И то. Был случай, когда критик-доброжелатель поддел Давыдова: гоже ли в «Глухой поре листопада», где охранка дразнит невозвращенца Льва Тихомирова нелепыми и оттого нервирующими посланиями, заимствовать фарсовый сюжет… Ну, ясно, у Остапа Бендера, в точности так же терзавшего миллионера Корейко: «Грузите апельсины бочках» и т. п. Было и другое: журналист-историк щегольнул эрудицией, походя сообщив, будто на стене одного из казематов Петропавловки было нацарапано: «Fuimus» – «Мы были». А вышло курьезно: последнее-то как раз Давыдов придумал, что же до первого, то, напротив, это Ильф и Петров, прочтя тихомировские записки, спародировали эпистолярный полицейский шантаж. Так какой же мир призрачен? Какой реален?

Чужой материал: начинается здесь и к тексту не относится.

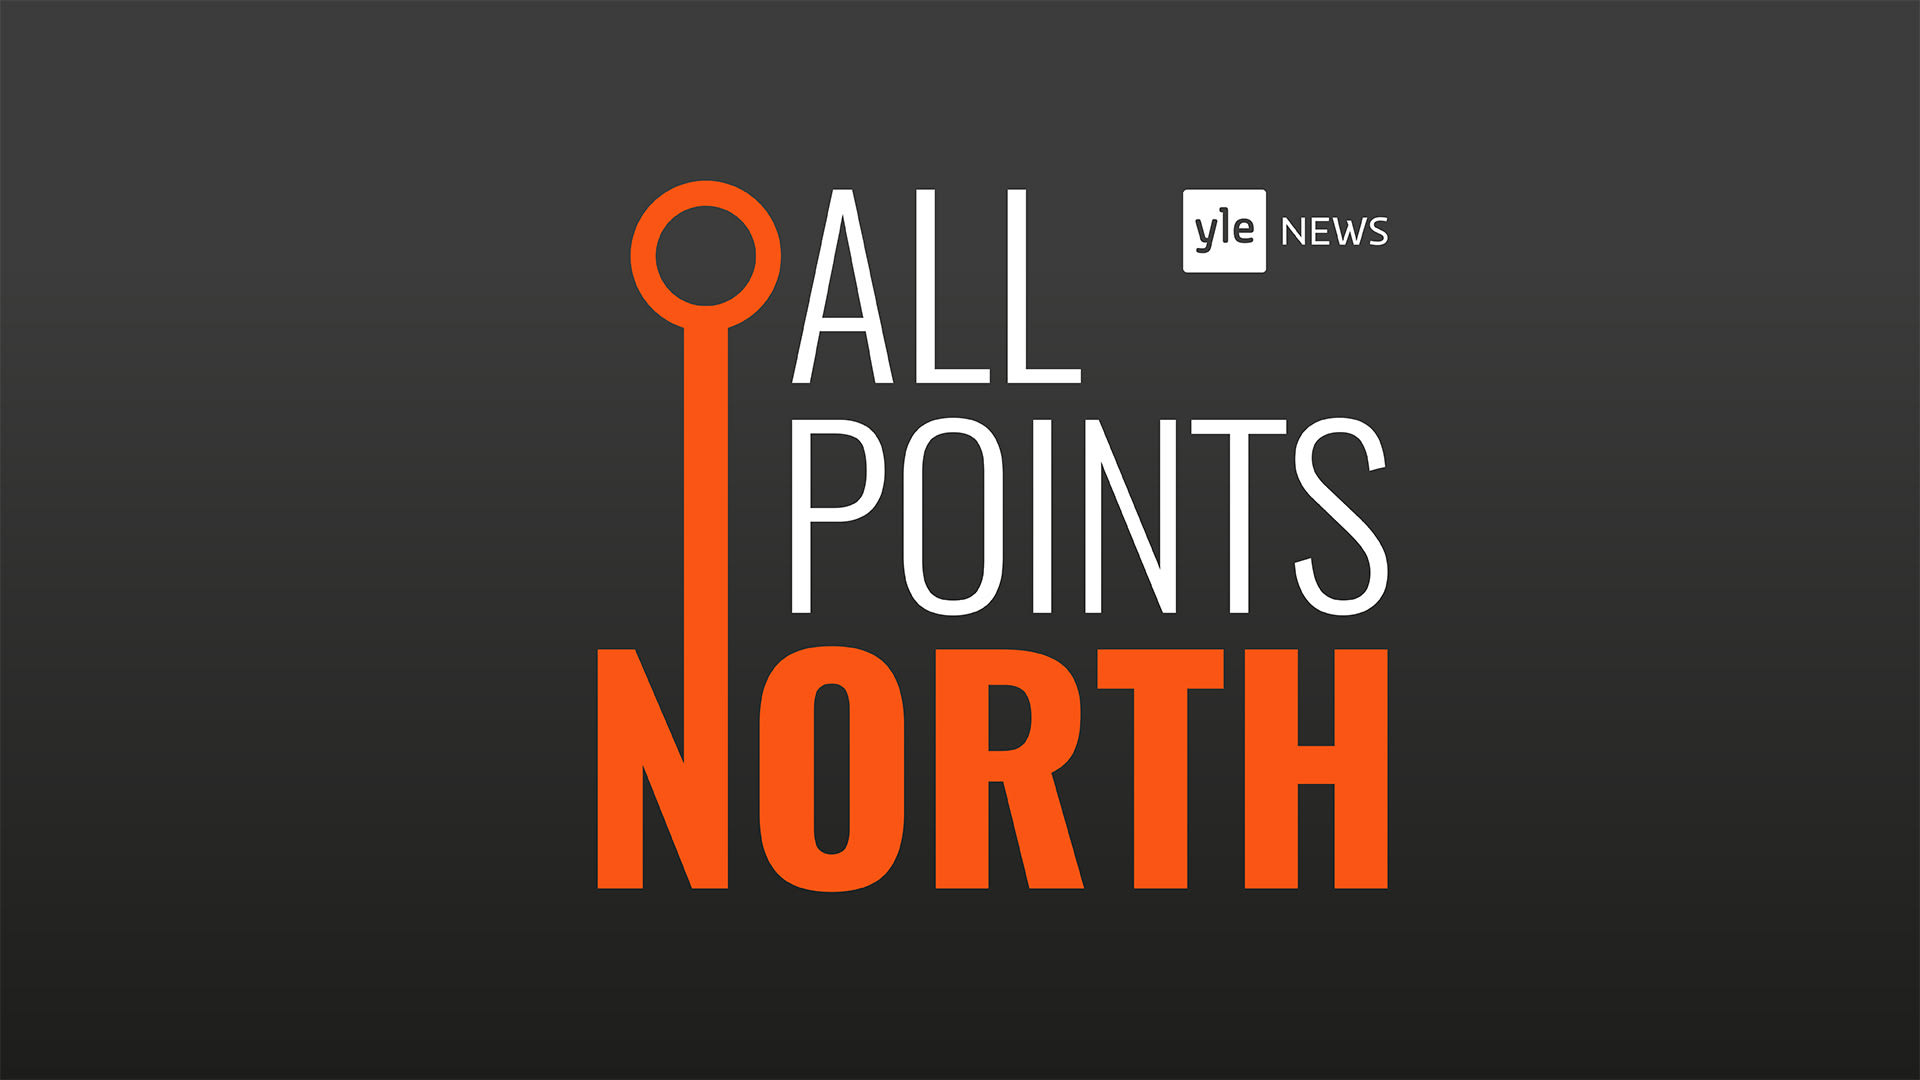 All Points North | Tiina Ristikari and Elina Marjamäki on young people's mental health
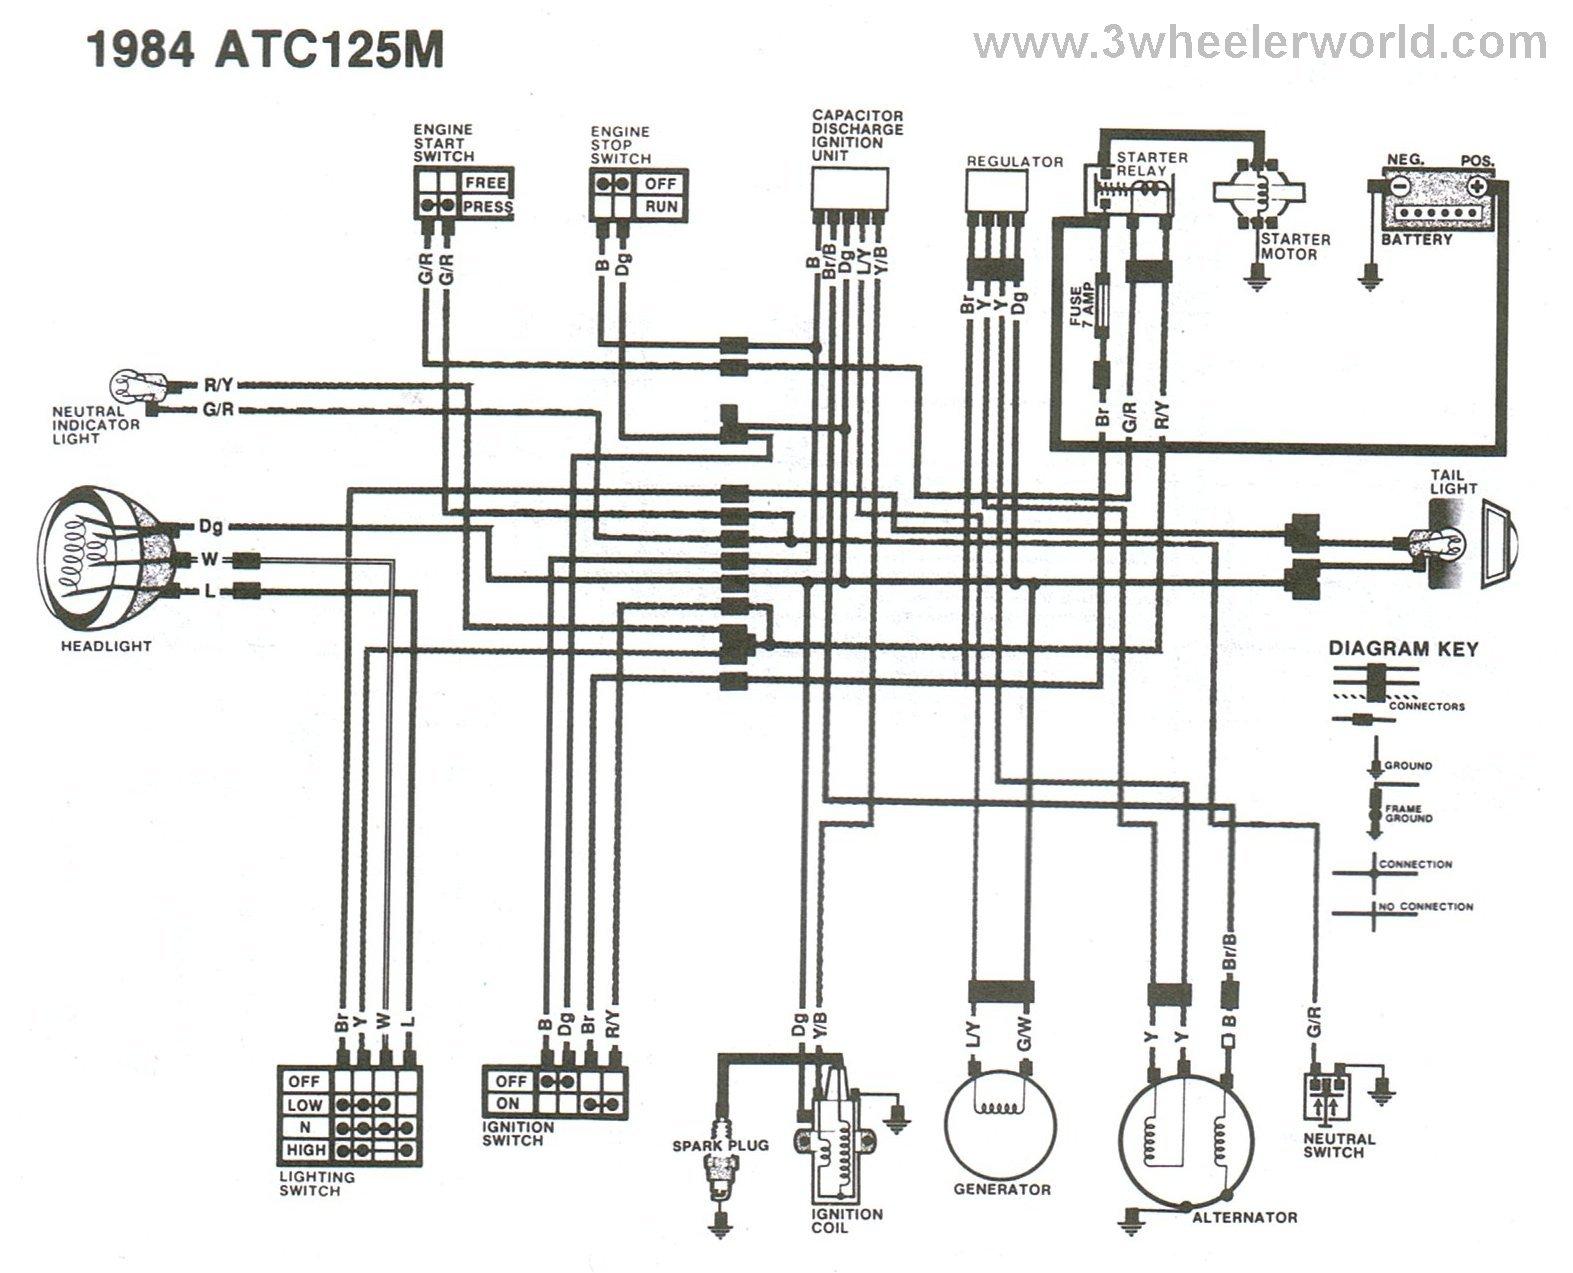 Rd 200 Wiring Diagram Yamaha Ls Diagrams And Roadstar Caravan Honda Trx Image Auto Schematic On

Сам Юра рассказывал: отбыв лагерный срок и будучи в Питере, хмельной и сентиментальный, решил навестить прах мореплавателя Федора Матюшкина, о ком до посадки успел выпустить книжицу. Приехал на кладбище (на Смоленское? Каюсь, забыл) и, оной могилы не обнаружив, пришел было в смятение: не сбрендил ли? Слава Богу, спрошенная старушка-смотрительша успокоила: «Да могилку-то перенесли! В Лавру, к лицеистам, – он, оказывается, с Пушкиным вместе учился, а мы и не знали, пока в книжке одной не прочли…» В общем, «вторая реальность», пока творец ее отлучился в ГУЛАГ, вроде как заставила первую себе подчиниться.
Давыдов, сам тому несколько удивляясь, говорил, что ему важно как бы физическое прикосновение к истории. Будь то мимолетное детское воспоминание о Вере Фигнер, в тридцатых годах случайно увиденной на станции Валентиновка, возле поселка политкаторжан (так и спрашивали: «Как тут пройти к каторжанам?»), или дружба с Еленой Бруновной Лопатиной, внучкой одного из любимейших давыдовских героев. Дружба, к коей отчасти был причащен и я, будучи приведен им на день рождения к «Бруновне», – впрочем, тот вечер не обошелся без шероховатости. Один из гостей, старинный приятель именинницы, с громкой -двойной! – графской фамилией, стал восхвалять, в пику Ежову и Берии, рыцарей революции Дзержинского и Менжинского. Я, соответственно подогретый, громогласно и их причислил к бандитам, после чего бедный граф (теперь со смущением соображаю: заробев, как говорится, поротой задницей, – а время стояло наглухо брежневское, сталини- зирующееся) покинул застолье, и уже от входной двери доносились его возмущенные восклицания: «Что он говорит! Что он говорит!!»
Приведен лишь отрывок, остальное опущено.